Recent developments in millimeter wave wireless technology, from 5G to 5G+ and beyond, are likely to help further improve this technology, providing higher-resolution images through order-of-magnitude wider bandwidth. The wireless technology will also speed data processing times because it greatly reduces latency, the time between transmitting and receiving data.

My laboratory is developing fast methods to remotely characterize the electrical characteristics of walls, which help in calibrating the radar waves and optimize the antennas to make the waves more easily pass through the wall and essentially make the wall transparent to the waves.
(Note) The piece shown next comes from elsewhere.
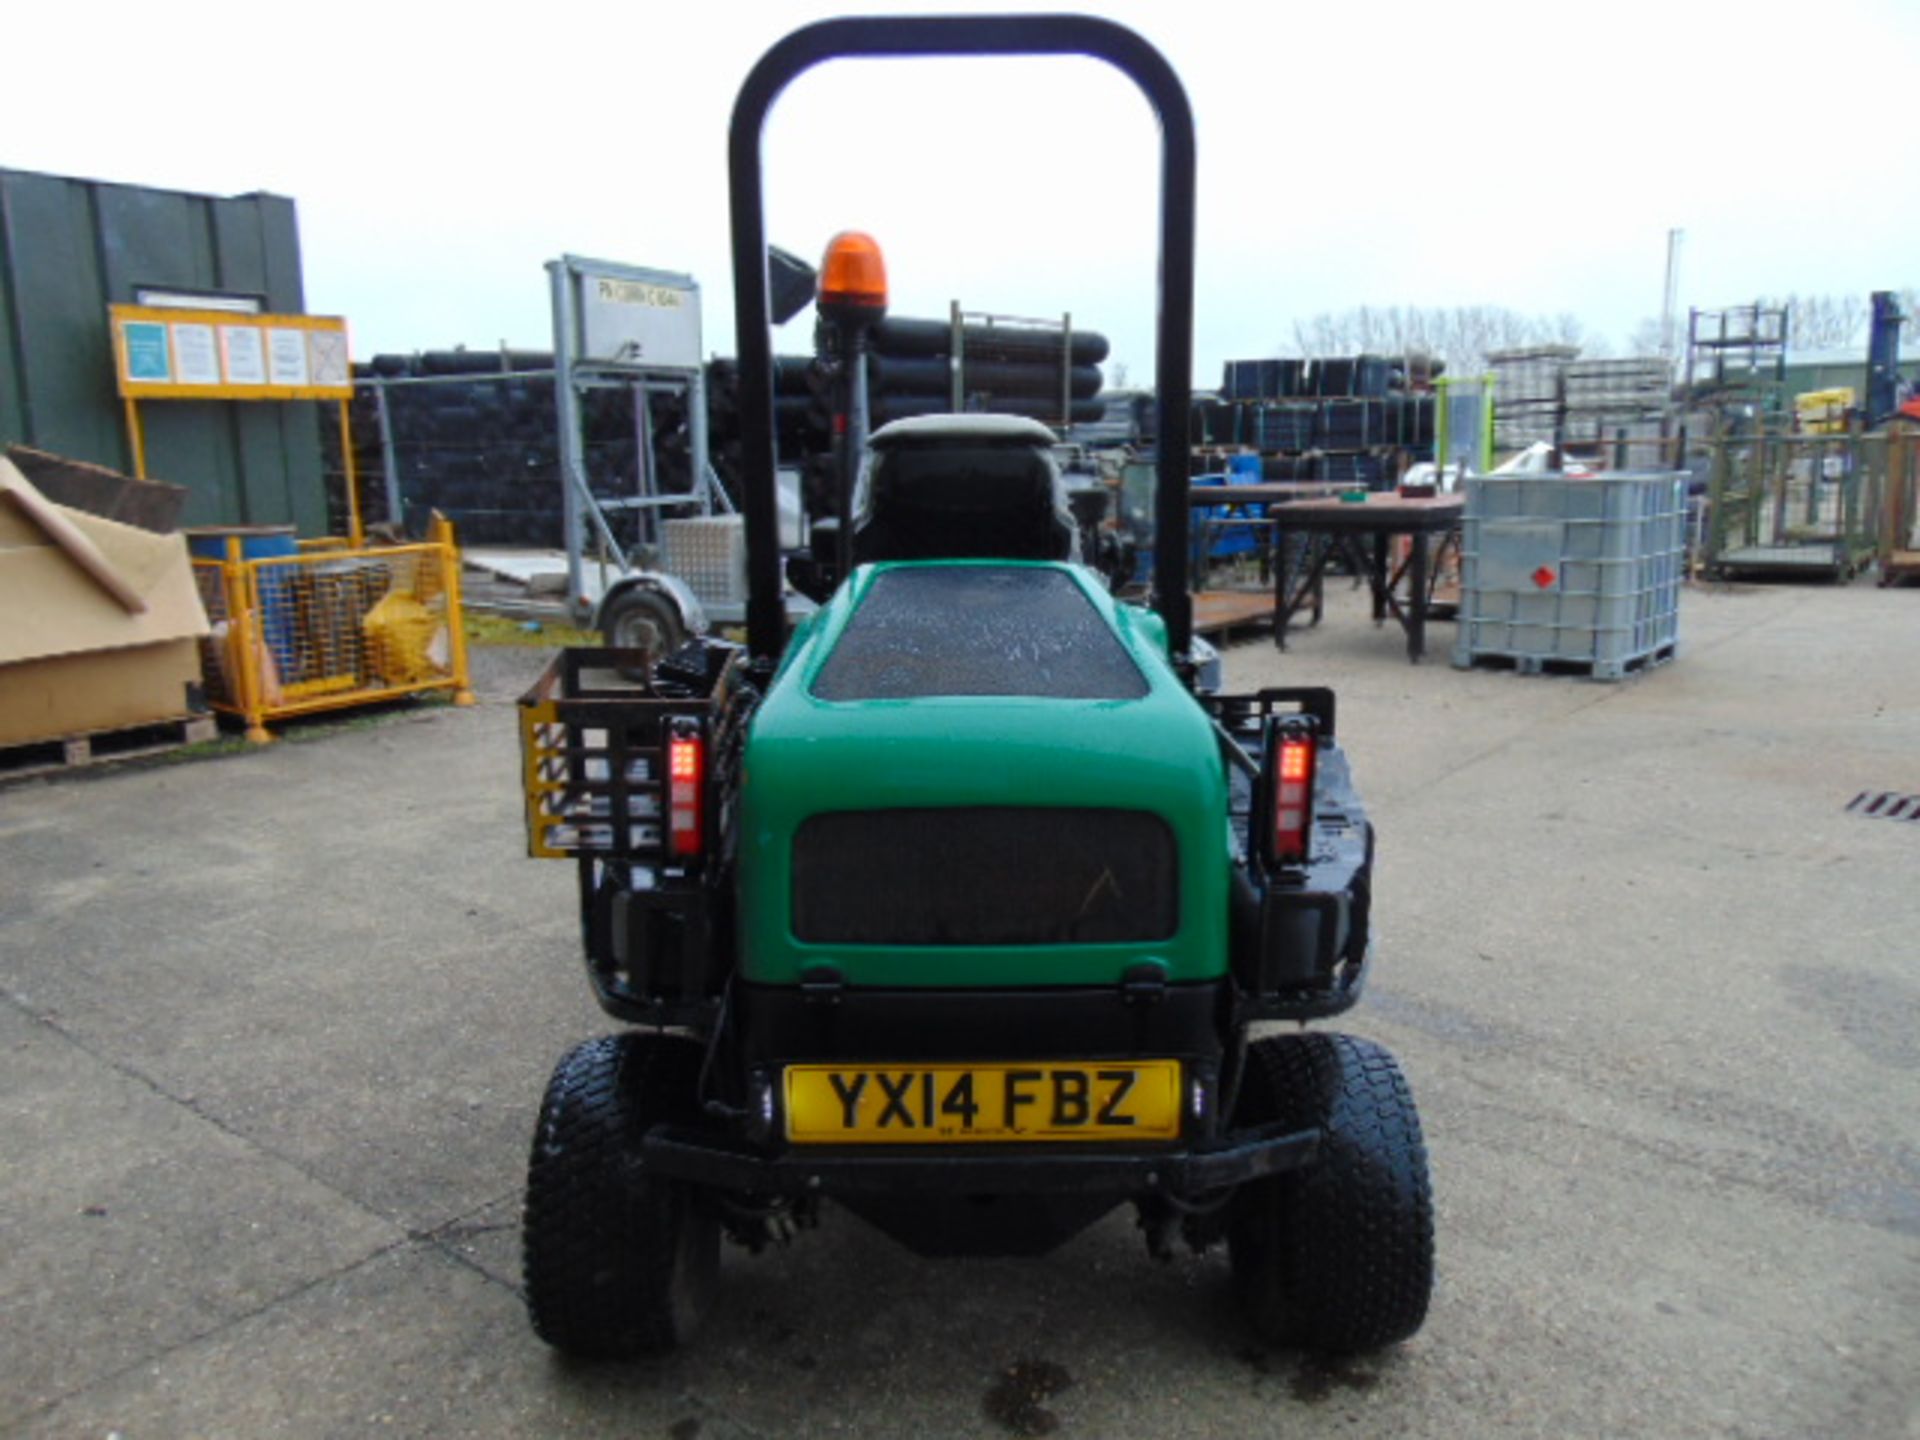 2014 Ransomes HR300 C/W Muthing Outfront Flail Mower ONLY 2,258 HOURS! - Bild 7 aus 19

We are also developing the software and hardware system to carry out the radar systems’ big data analyses in near real-time.

On the left, a laboratory set up showing a cinderblock wall and a foil-covered cardboard silhouette of a person, and, on the right, a radar image showing a corresponding silhouette in a three-dimensional space
This laboratory wall-penetrating radar provides more detail than today’s commercial systems. Aly Fathy

Better electronics promise portable radars

Radar systems at the low frequencies usually required to see through walls are bulky due to the large size of the antenna. The wavelength of electromagnetic signals corresponds to the size of the antenna. Scientists have been pushing see-through-wall radar technology to higher frequencies in order to build smaller and more portable systems.

In addition to providing a tool for emergency services, law enforcement and the military, the technology could also be used to monitor the elderly and read vital signs of patients with infectious diseases like COVID-19 from outside a hospital room.

One indication of see-through-wall radar’s potential is the U.S. Army’s interest. They’re looking for technology that can create three-dimensional maps of buildings and their occupants in almost real-time. They are even looking for see-through-wall radar that can create images of people’s faces that are accurate enough for facial recognition systems to identify the people behind the wall.

Whether or not researchers can develop see-through-wall radar that’s sensitive enough to distinguish people by their faces, the technology is likely to move well beyond blobs on a screen to give first responders something like superhuman powers.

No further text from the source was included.